Ingest Pipeline stats sometimes reports wrong values, causing integrated Ingest Pipeline Dashboard showing wrong statistics

SimonKoetting commented 10 months ago

Elasticsearch Version

8.11.3

Installed Plugins

No response

Java Version

bundled

OS Version

Cloud

Problem Description

By looking at the integrated [Elasticsearch] Ingest Pipeline Dashboard, I multiple times (meaning on multiple different clusters) found "slowest pipelines" with > 100ms (seemed definitely too much to me) who's also not matching the Average time per doc line chart on the same Dashboard. Some Examples (different Clusters):

Pasted image 20240104104842

Pasted image 20240104104928

As sometimes if I change the time range just slightly, the numbers totally change (1000x sometimes) it is clearly there is something wrong with the numbers at the Slowest pipelines Table-Visualization on the prebuilt dashboard

My Analysis so far

The Table calculates its metric with the following formula:

cumulative_sum(counter_rate(max(elasticsearch.ingest_pipeline.total.time.self.ms)))/cumulative_sum(counter_rate((max(elasticsearch.ingest_pipeline.total.count))))

Breaking this a bit down to identify the problem, I landed up by just using the counter_rate of time.self.ms to clearly see some spikes: Pasted image 20240104105521 Note: this screenshot and all following are on a single node cluster, so don't have to worry about different stats from different nodes, but I verified the same behavior on a cluster having multiple nodes doing ingest.

Looking at the documentation of the counter_rate:

Calculates the rate of an ever increasing counter. This function will only yield helpful results on counter metric fields which contain a measurement of some kind monotonically growing over time. If the value does get smaller, it will interpret this as a counter reset. To get most precise results, counter_rate should be calculated on the max of a field.

"If the value does get smaller, it will interpret this as a counter reset." is the interesting part in here, if we take a look at the data in Discover for the last spike in the Screenshot above we can see the metric "elasticsearch.ingest_pipeline.total.time.self.ms" decreased by a ms. Pasted image 20240104110140 As the metrics is meant to be Time spent processing documents through this pipeline, this isn't possible as new documents going thru the pipeline the time has to increase. Also in the screenshot visible, is the "elasticsearch.ingest_pipeline.total.time.total.ms" kept the same value. If I changed the lens visualisation from above to use the "elasticsearch.ingest_pipeline.total.time.total.ms", so far I couldn't find any "spike"/weird looking data.

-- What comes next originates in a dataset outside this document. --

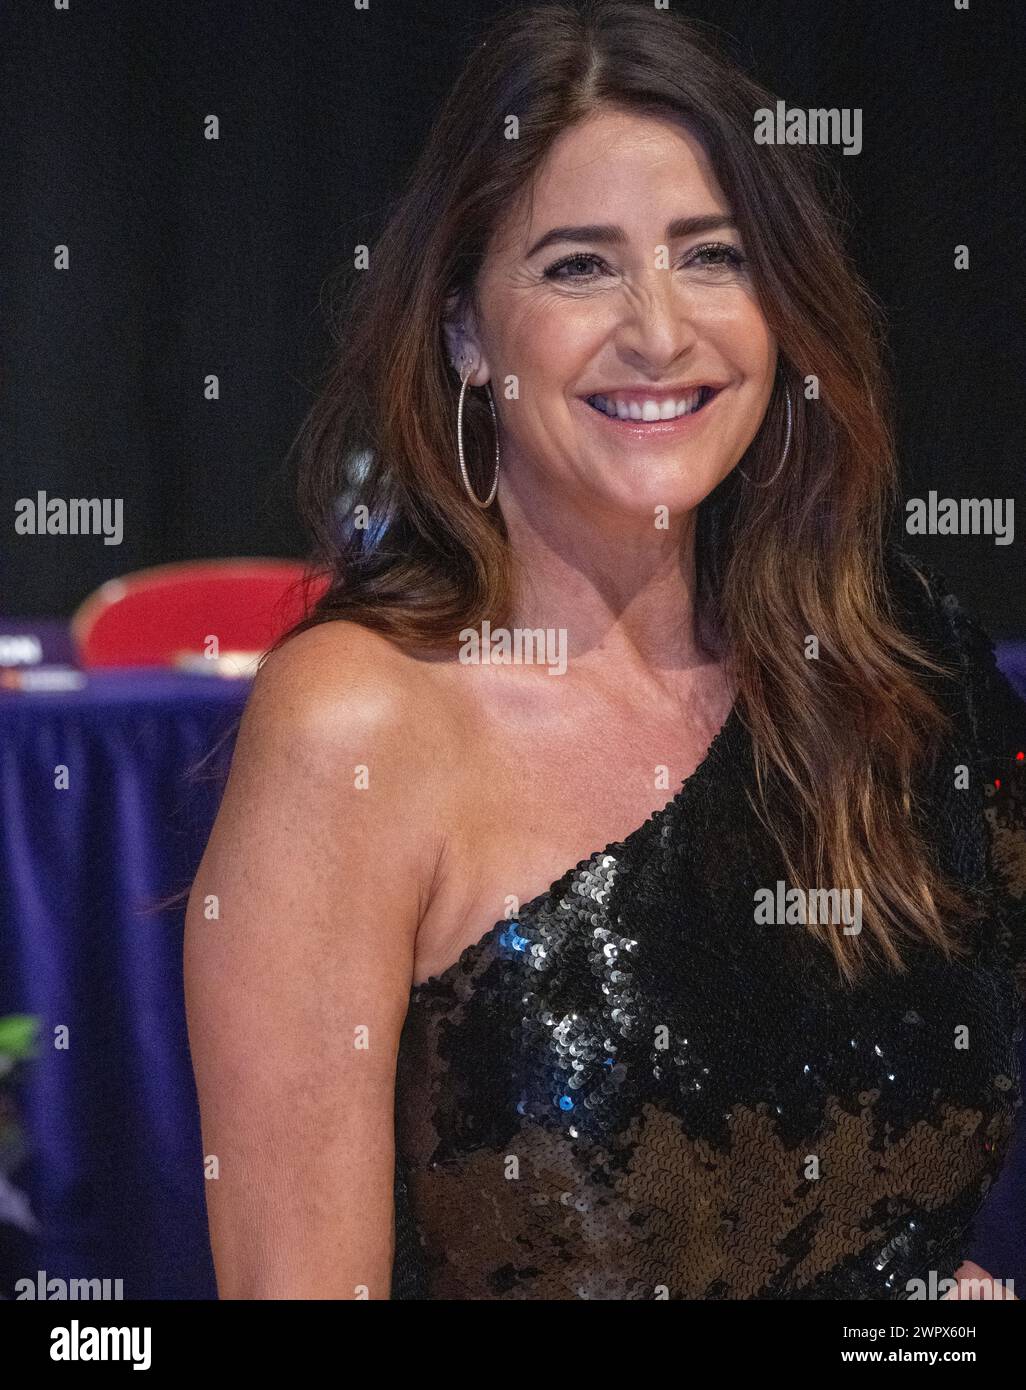 Brentwood Essex 9th Mar 2024 Strictly Air Ambulance fund raising event at the Brentwood Centre, Brentwood Essex. The show features Lisa Snowdon and professional dancers from the BBC's Strictly Come Dancing. Pictured Lisa Snowdon Credit: Ian Davidson/Alamy Live News Stock Photo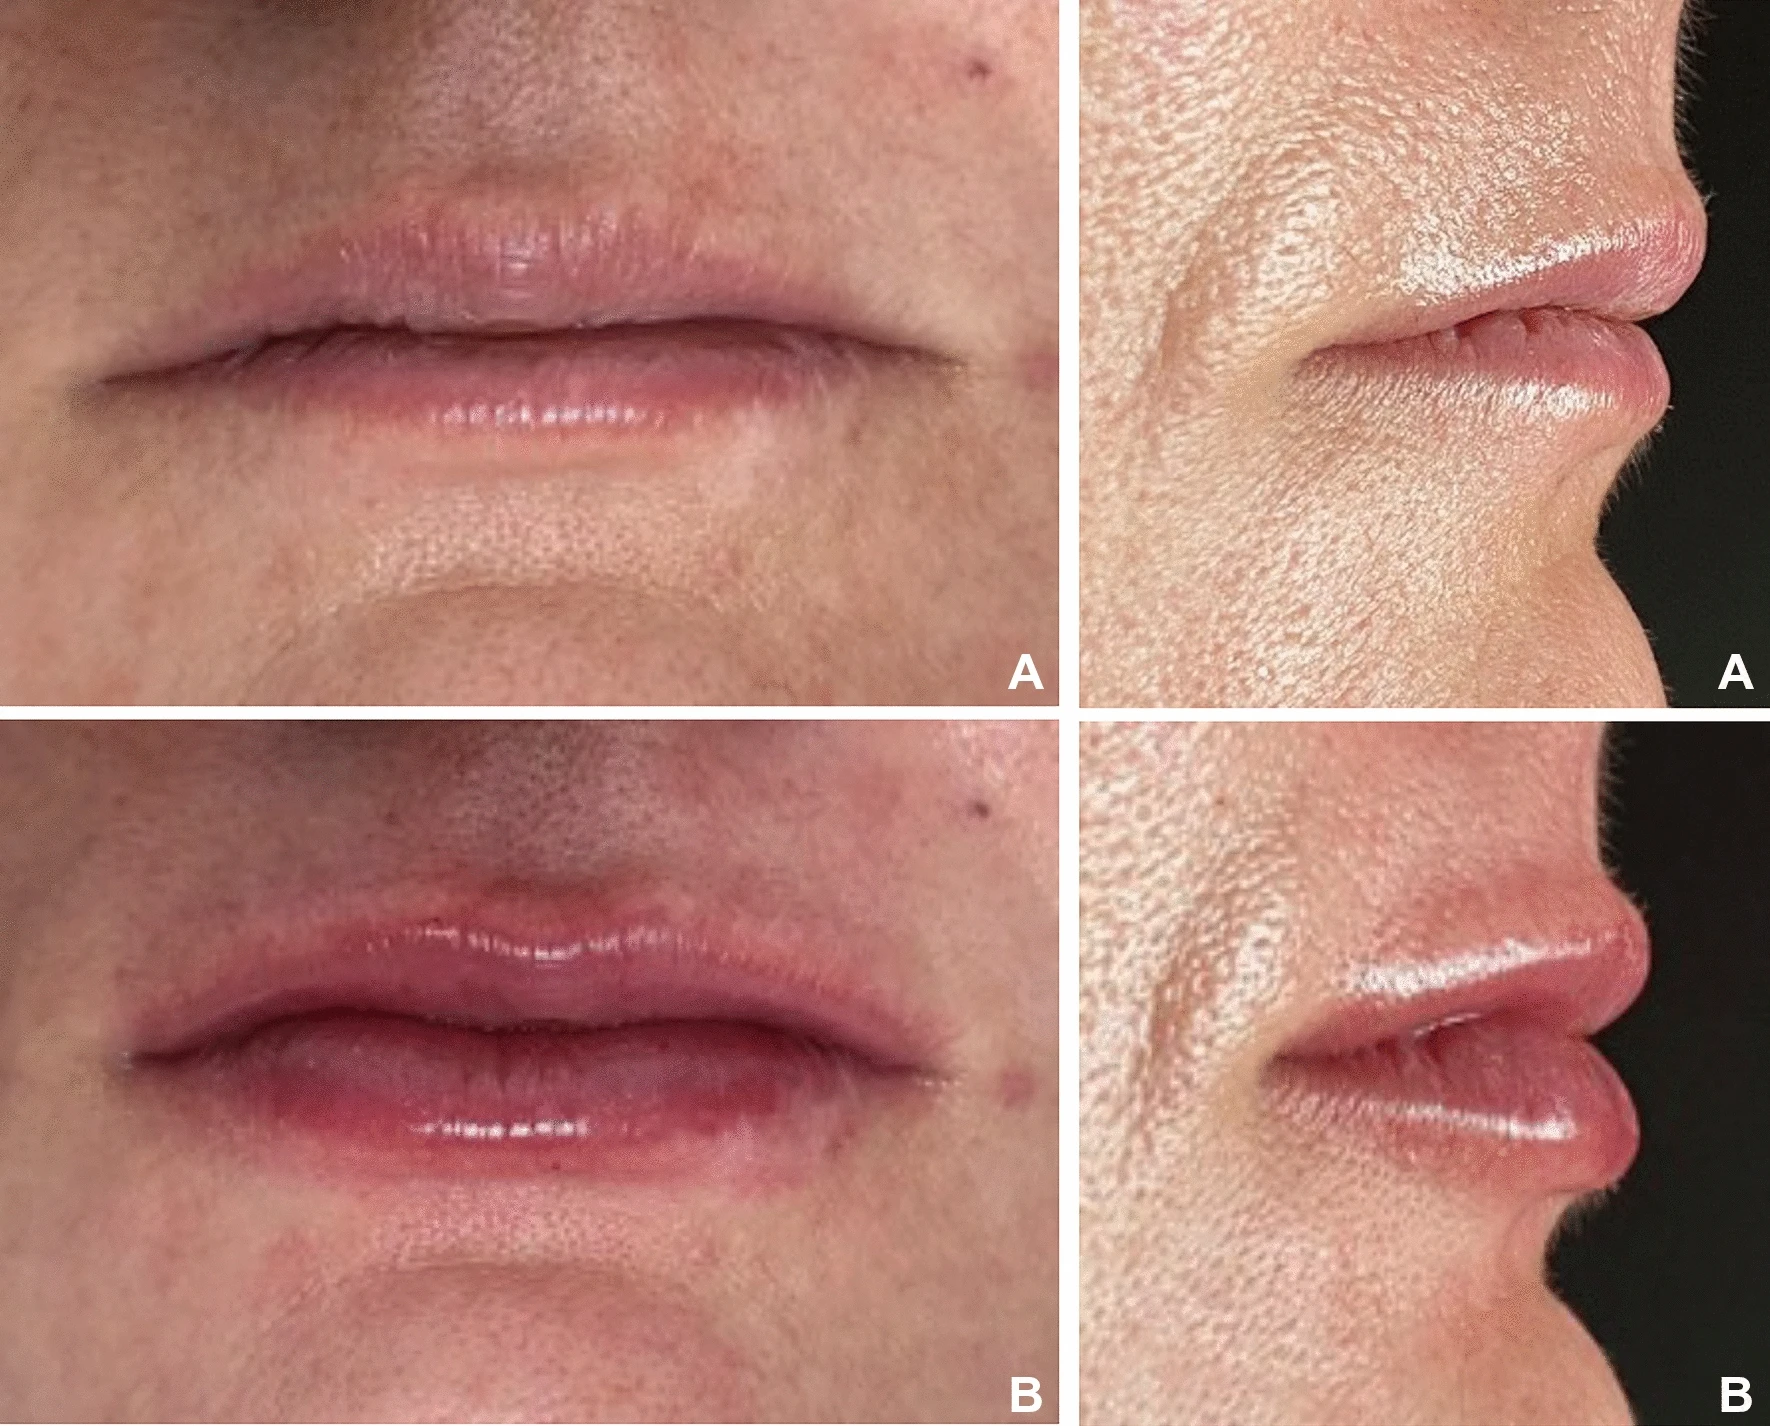 Patient from the group with thinner lips (a) before lip filling and (b) ten days after lip filling. (Image: De Queiroz Hernandez et al., licensed under CC BY 4.0)

Found out, the calculation of the "elasticsearch.ingest_pipeline.total.time.self.ms" is basically just "elasticsearch.ingest_pipeline.total.time.total.ms" - "elasticsearch.ingest_pipeline.processor.time.total.ms" of "pipeline" processors in the pipeline The corresponding code can be found on Github around line 96 and line 128

Looking again at the pipeline stats in discover, but this time for the individual processors, not the whole pipeline at the same date range discovers the "elasticsearch.ingest_pipeline.processor.time.total.ms" of the pipeline processor increased by 1ms in the timeframe while the "elasticsearch.ingest_pipeline.total.time.total.ms" from the screenshot above keep the same (530ms in this case) Pasted image 20240104111653

My conclusion so far

I guess there will be some kind of weird (maybe rounding/converting?) problem around the collection of the metrics "elasticsearch.ingest_pipeline.total.time.total.ms" and "elasticsearch.ingest_pipeline.processor.time.total.ms". Based on that, all the other behavior like a decreasing "elasticsearch.ingest_pipeline.total.time.self.ms" and therefor the Lens visualisations counter_rate detects a reset and providing "wrong" data on the Dashboard are deterministic and make sense to me.

Used Setup

I saw this problem/behavior on multiple different clusters at customers. To reproduce/test, I used a simple 1-Instance Elastic-Cloud Deployment with a few enrolled fleet Agents without any special configuration or huge amounts of data. Used multiple Elasticsearch Versions, including 8.11.3

Steps to Reproduce

Setup up a cluster, enable Stack Monitoring and wait :)

Logs (if relevant)

No response

elasticsearchmachine commented 10 months ago

Pinging @elastic/es-data-management (Team:Data Management)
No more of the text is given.